**WHAT TO DO**
The listing below has to be output exactly as given, less its pictures.

**SUPPLIED MATERIAL**
#####

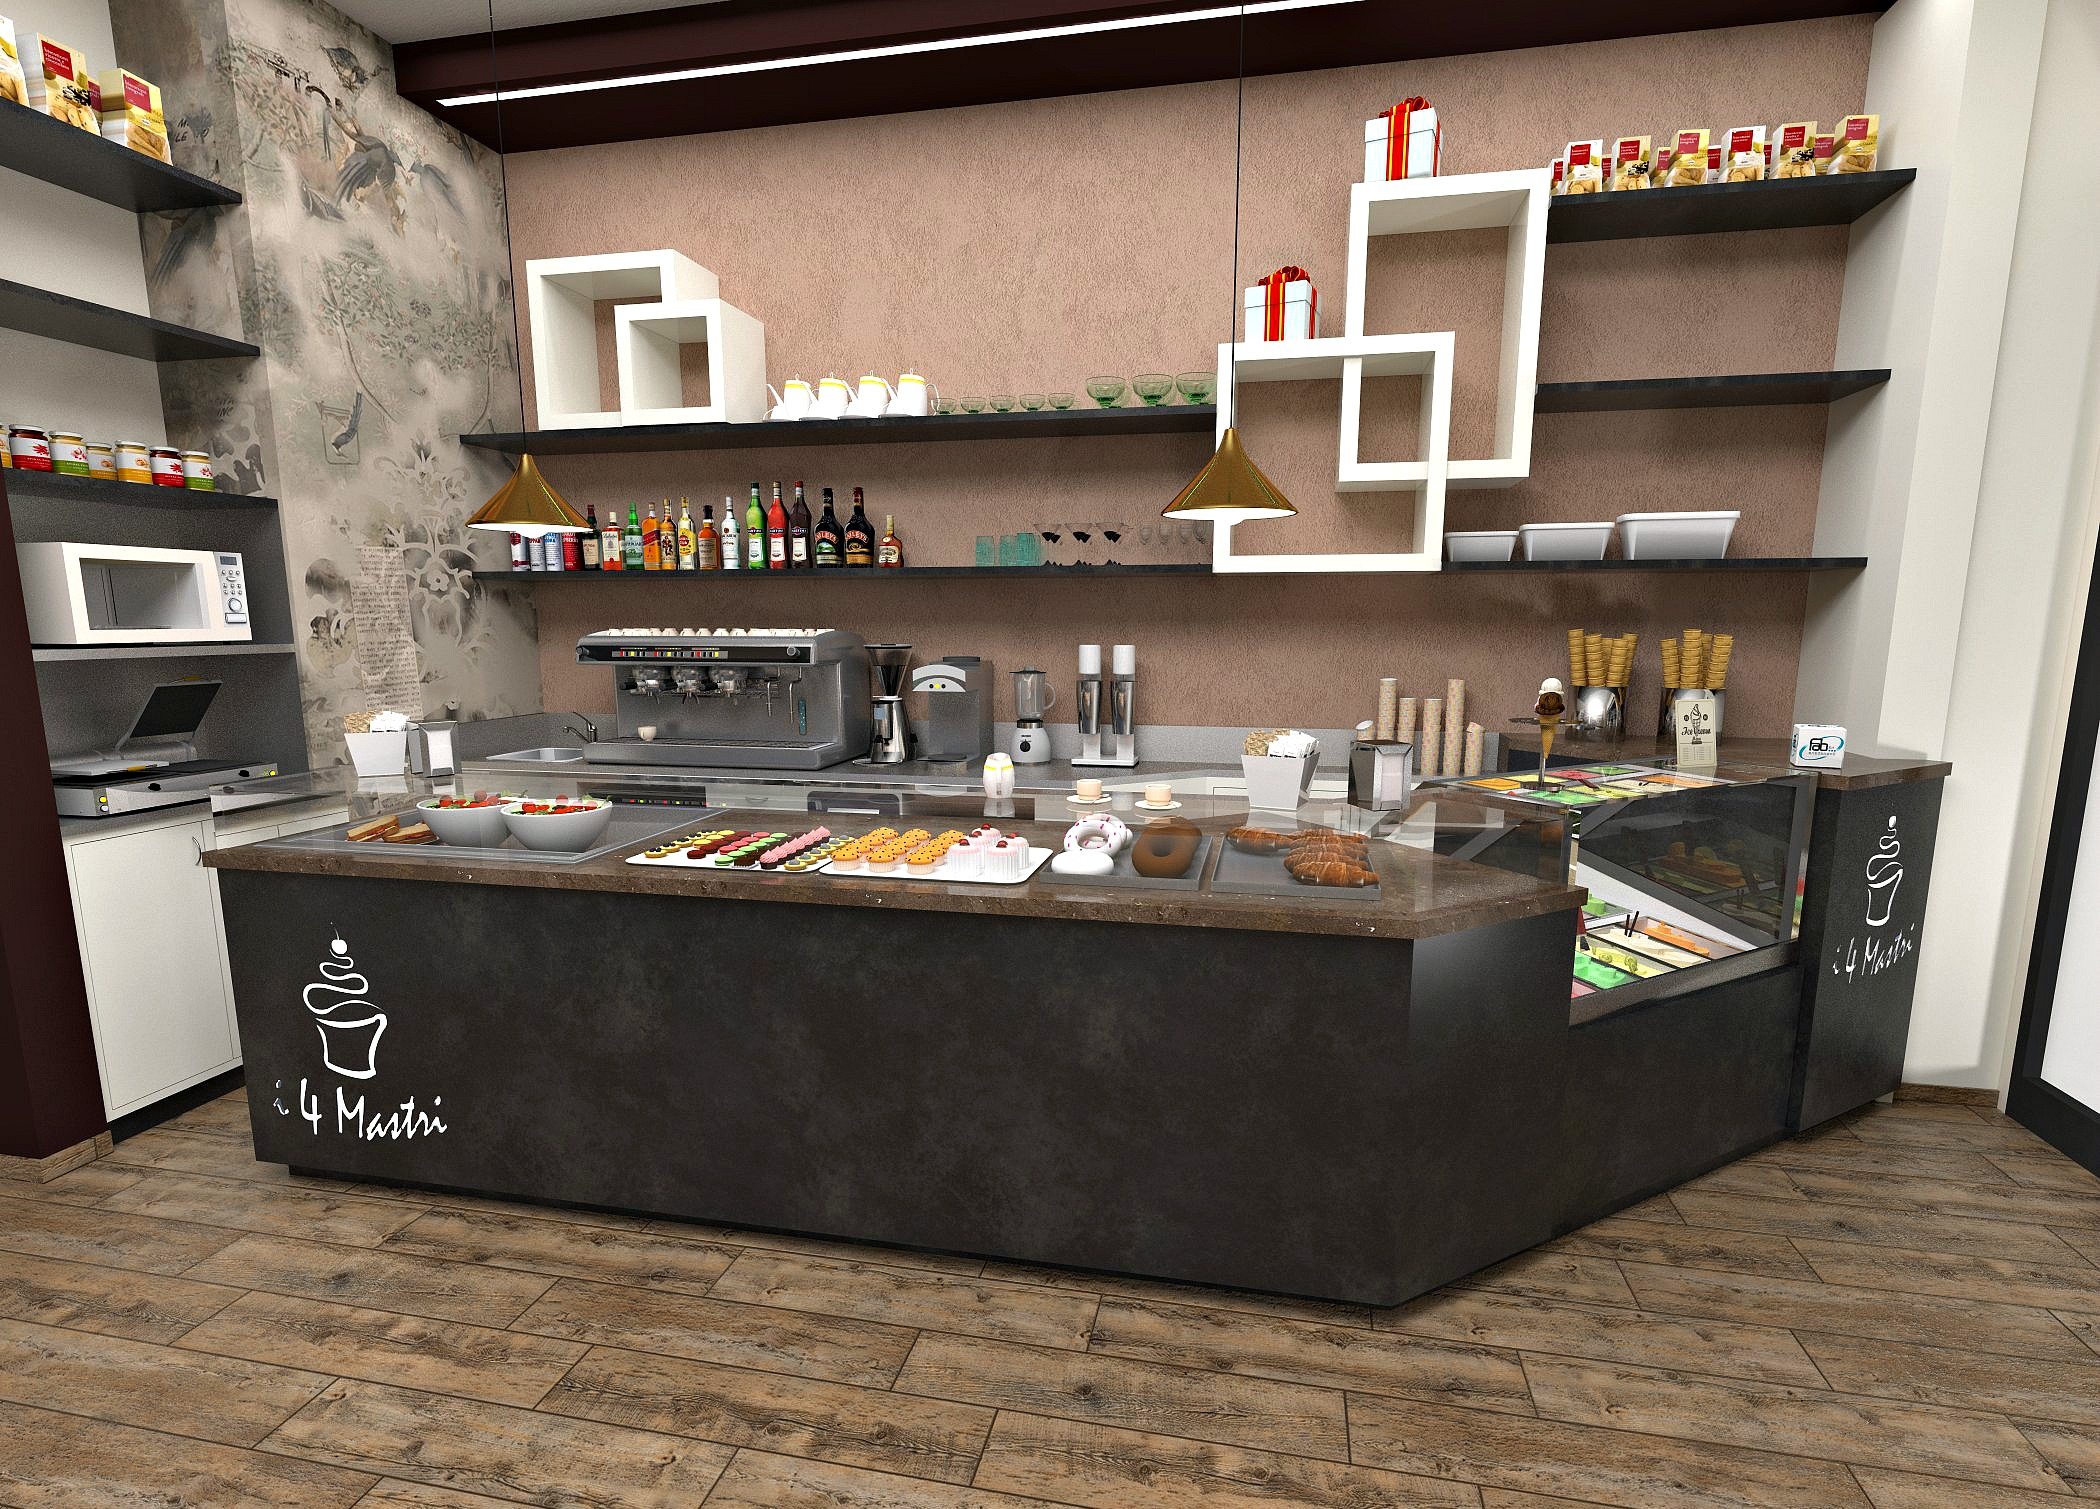 Foto di un progetto per il banco del bar alla Pasticceria Caffetteria i 4 Mastri a Milano
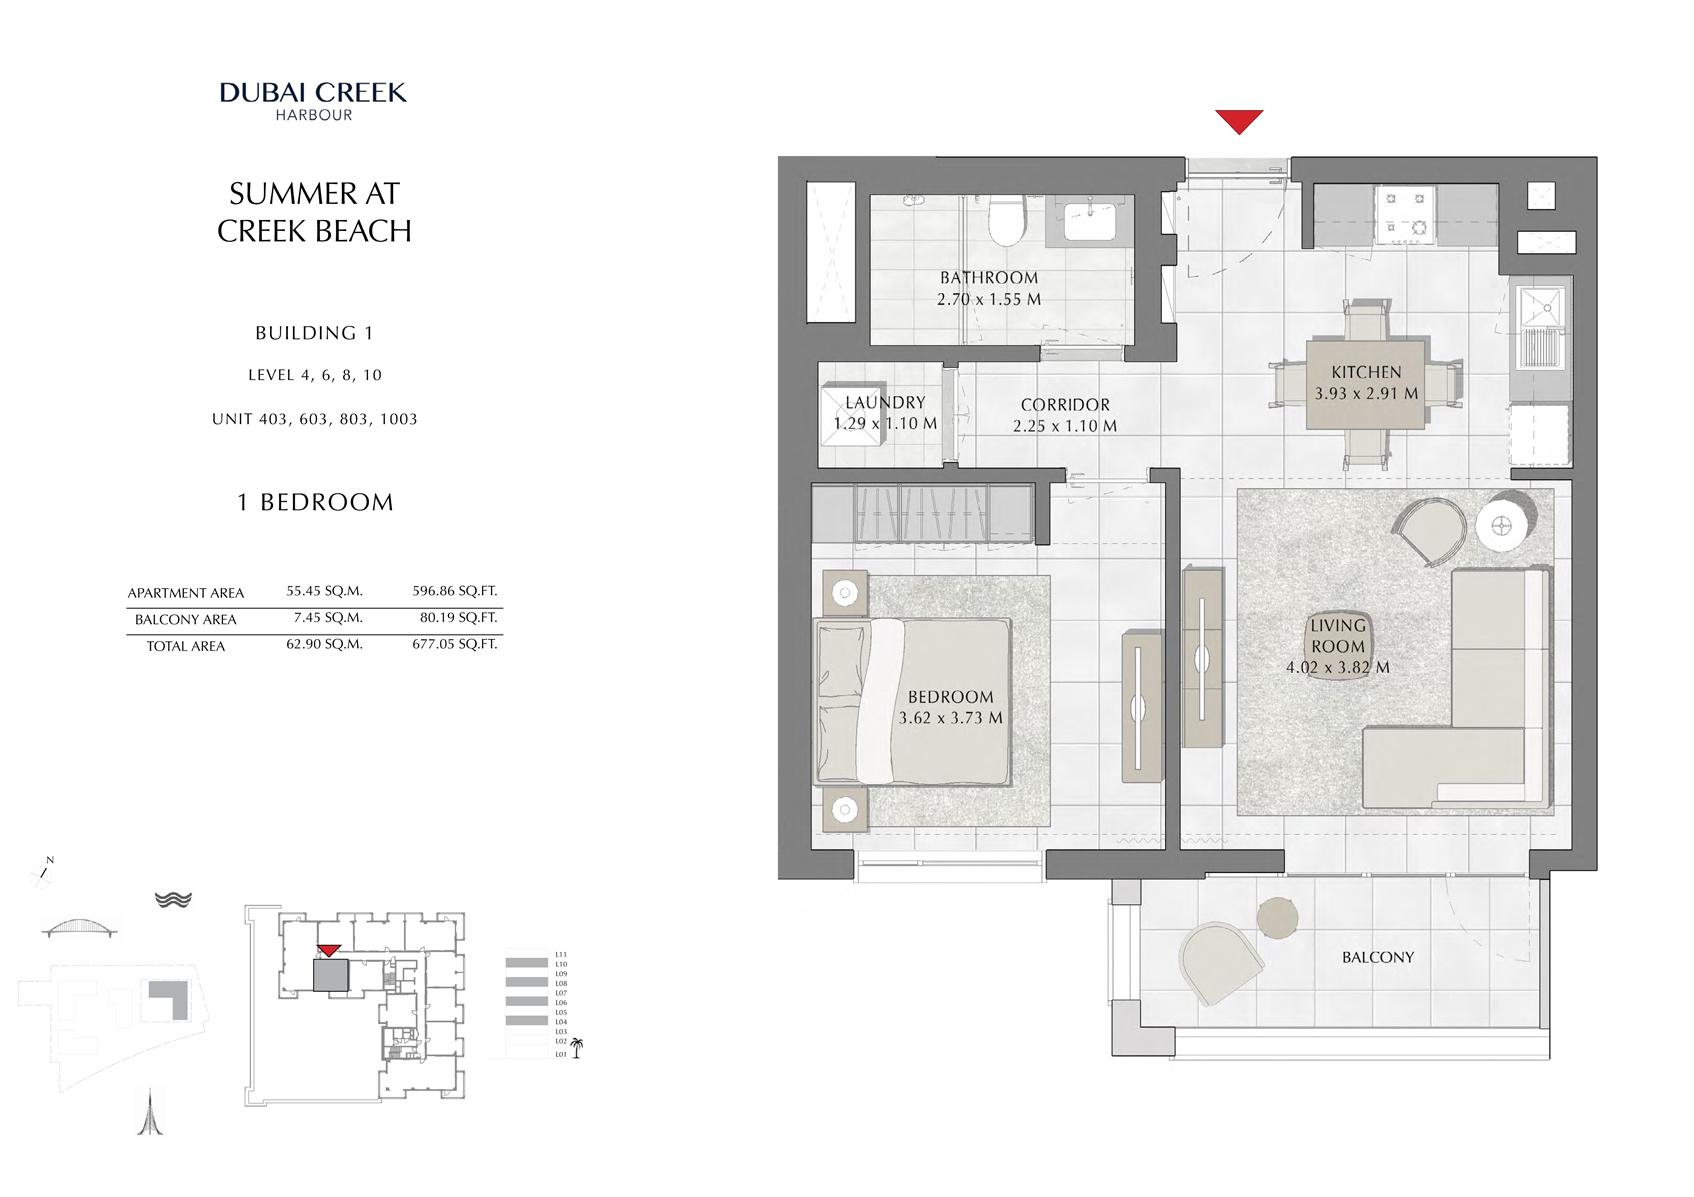 1 Br Building 1 Level-4-6-8-10 Unit 403-603-803-1003, Size 677 Sq Ft
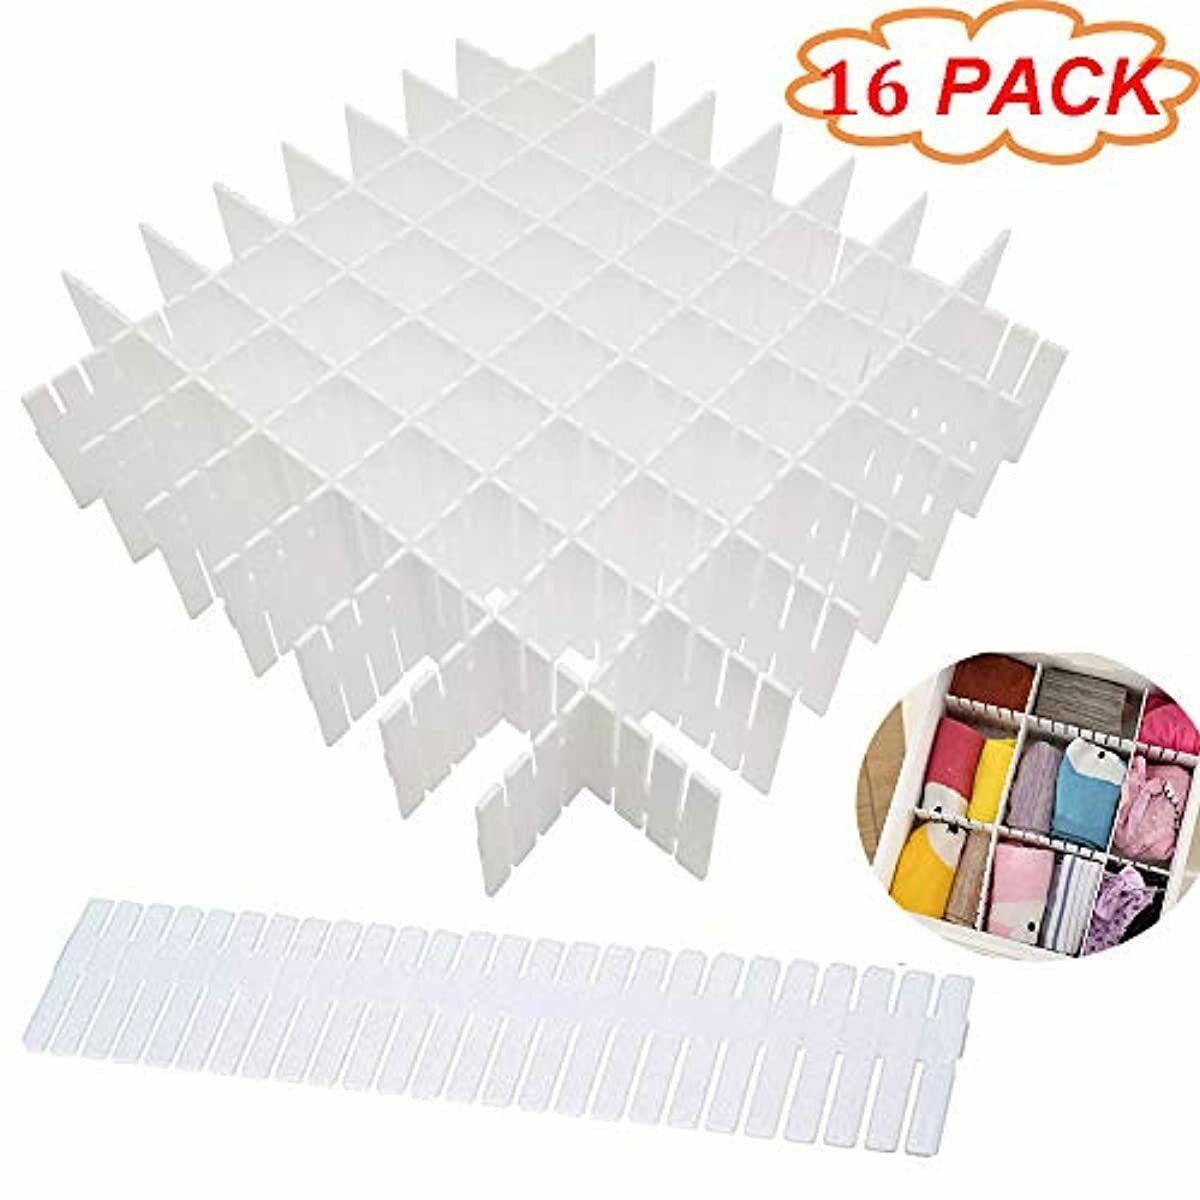 DIY Storage Divider 16 Pack White Plastic Adjustable Grid Dr

#####

**RESPONSE FOR THIS EXERCISE**
 Foto di un progetto per il banco del bar alla Pasticceria Caffetteria i 4 Mastri a Milano
 1 Br Building 1 Level-4-6-8-10 Unit 403-603-803-1003, Size 677 Sq Ft
 DIY Storage Divider 16 Pack White Plastic Adjustable Grid Dr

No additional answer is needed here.